De las tres, es Lluvia Constante, de Keith Huff, en el Teatro Bellas Artes la más comercial gracias al sello de su director, el siempre eficaz contador de historias David Serrano. La trama es la típica historia truculenta de dos policías, dos patrulleros algo pringados y con sus pequeños vicios y corruptelas, de uno de los peores suburbios de la gran ciudad. El que el imaginario colectivo, conquistado por el cine y las series norteamericanos, sitúa sin esfuerzo en los Estados Unidos. Estos personajes serían el reverso oscuro de los protagonistas de las películas de Arma Letal, las de los 80 y 90 que protagonizaron Mel Gibson y Danny Glover.

Obra con un desasosegante final feliz. Un extraño intercambio de vidas que se ofrece más como una sorpresa que como un misterio. En la que, de nuevo, se interpela al público, pero en este caso más para atraer su atención sobre la trama y los personajes que para hacerlos participar activamente en lo que sucede en escena.

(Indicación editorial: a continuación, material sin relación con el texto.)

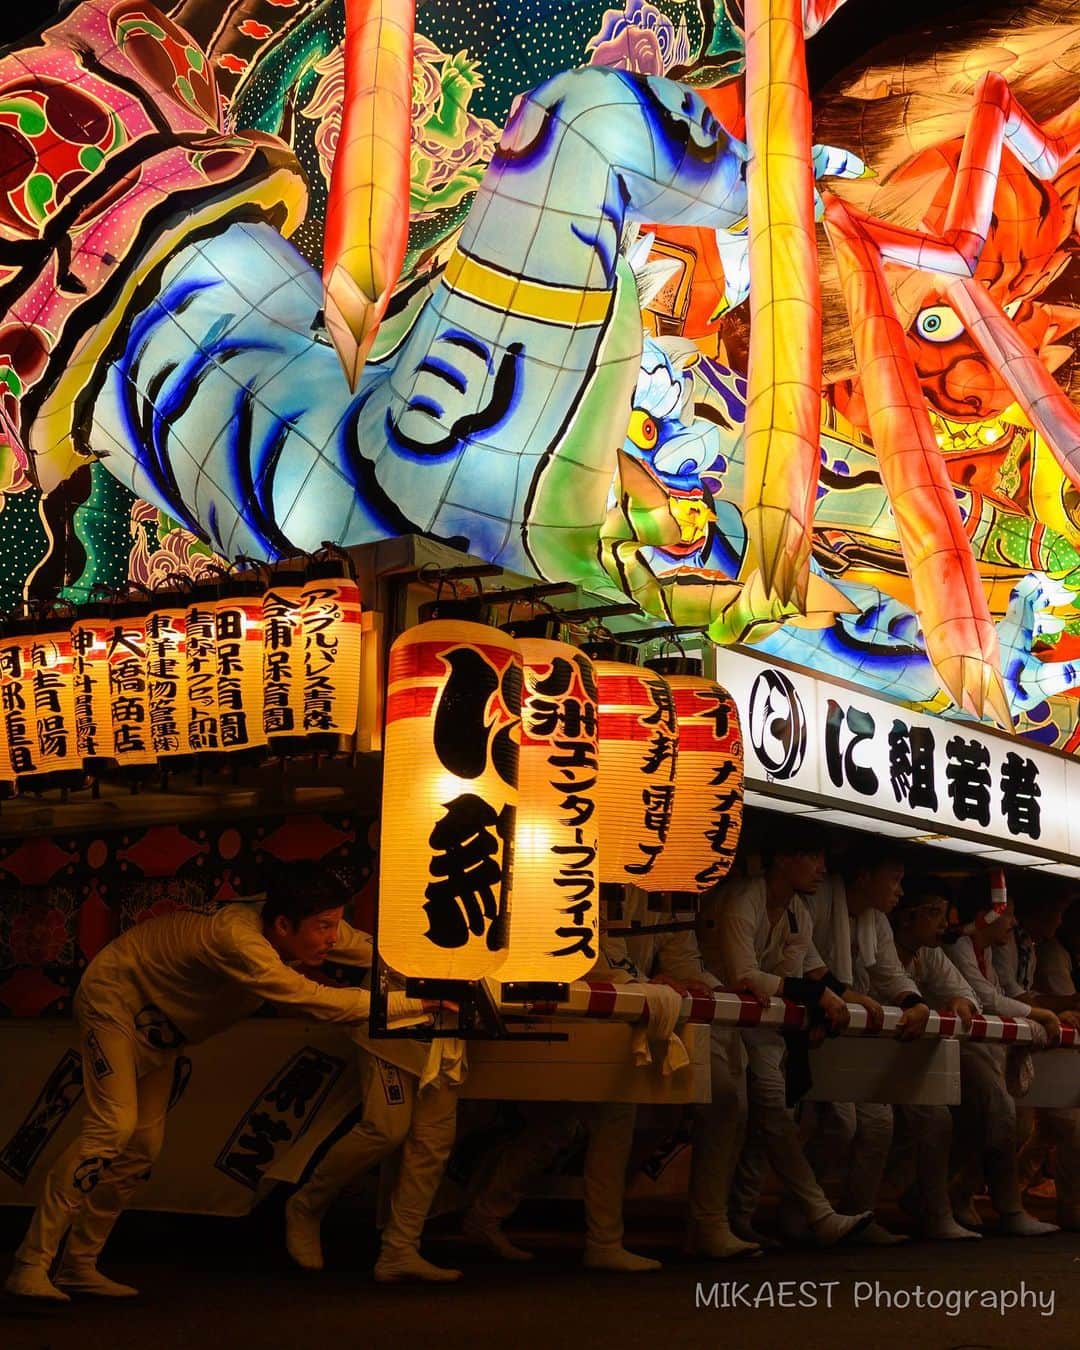 mikaestのインスタグラム：「Aomori Nebuta Festival 青森ねぶた . 青森ねぶたも初観覧。ラッセラーラッセラーという掛け声と共にハネトという踊り子が飛び跳ねて行く中、めちゃくちゃ大きなねぶたが運行され目の前までやってくる迫力が凄いっ!!! . 絵師の人により創られるねぶたの絵もそれぞれ個性溢れています。ちなみに弘前や五所川原のねぶたの形状は青森のと全然違いますし、ねぶたも奥が深い…🤔 . それと、ねぶたって、この写真のように人手で押したり上げ下げしたり回転したりしているのを初めて知りました!!それに感動して、この写真はねぶたを斜めから撮っているのでねぶたの正面が写っていませんがご容赦くださいw . この #に組 #東芝 のねぶたは賞を獲っていました㊗️ . 東北のお祭り、ハマりますよ🙆‍♀️ . Nikon Z6 . #青森ねぶた #行くぜ東北 #夏の東北インスタキャンペーン #funfindtohoku #青森 #TandDフォトコンテスト2019 #try #いきいきフォトコンテスト2019」
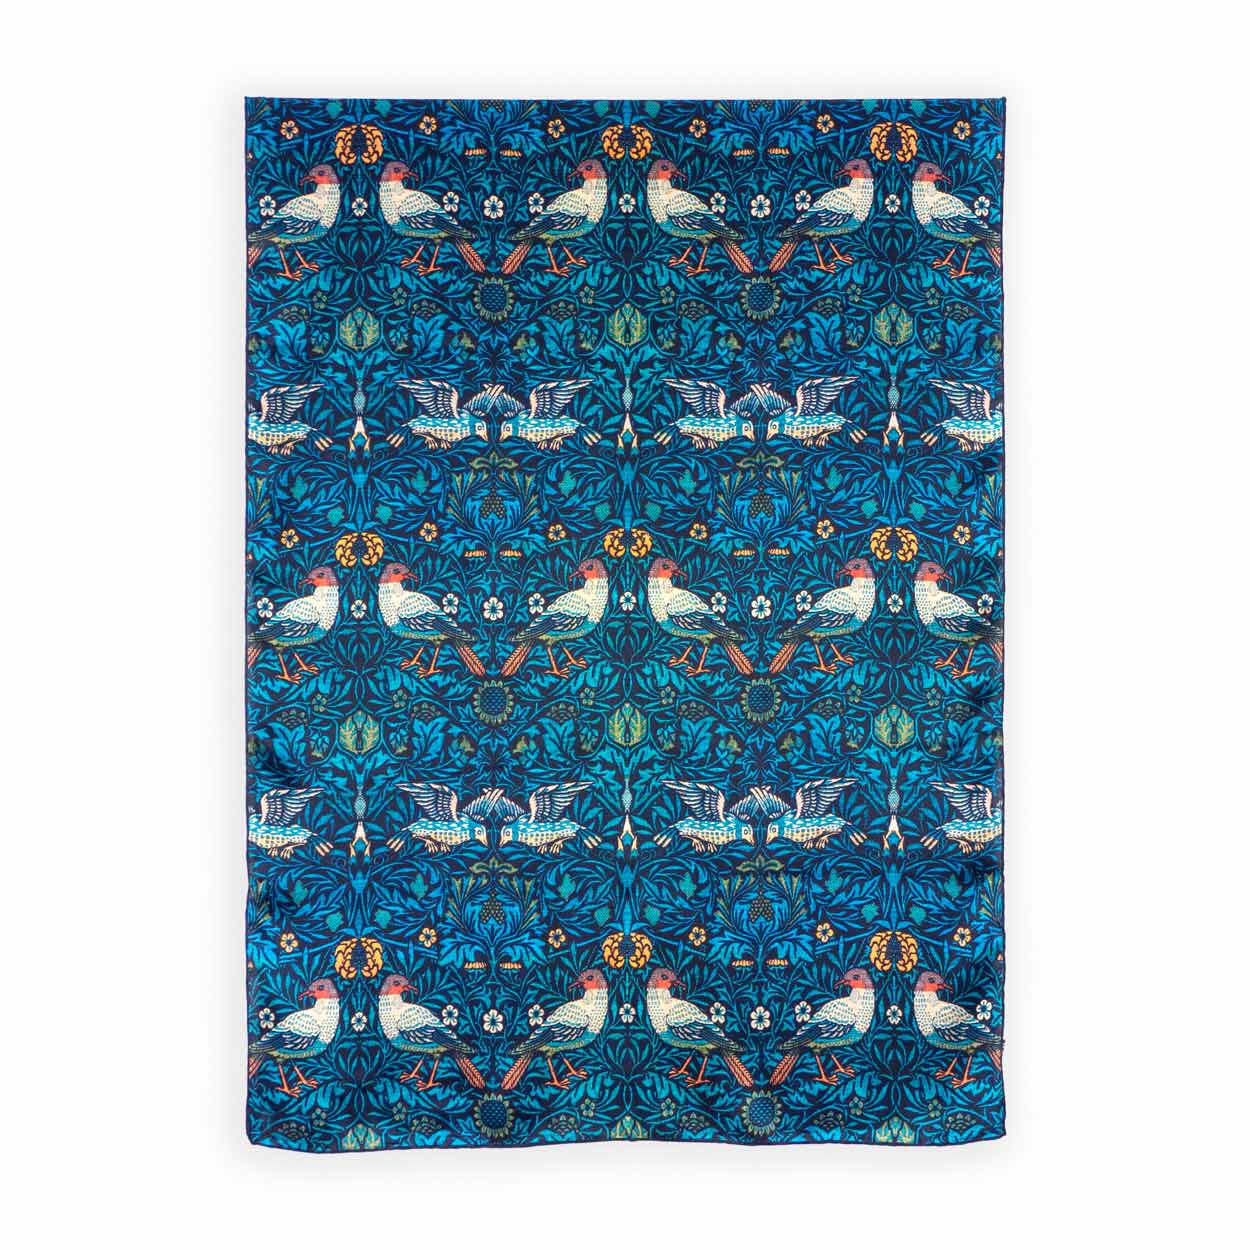 Pañuelo azul grande con pájaros y flores

Montaje que ofrece una sencilla y resultona escenografía. Suficiente para disfrutar de la rotunda presencia en escena de Roberto Alamo, quizás lastrada por un bajo tono de voz, y las cualidades de Pepe Ocio, cualidades que recuerdan mucho a aquellas que tenían los actores que participaban en los montajes de teatro televisados de Estudio1. Aquel programa que recuerdan los más mayores del lugar, pero que los más jóvenes no sabrían ya identificar.

De nuevo el teatro contando historias. Contando cuentos. Mostrando el mundo en el que vivimos.

*Nota del editor: en la primera versión de este artículo se afirmaba que la actriz Verónica Ronda cantaba todo en play back, cuestión que no es exacta, pues algunos de los temas son cantados en directo.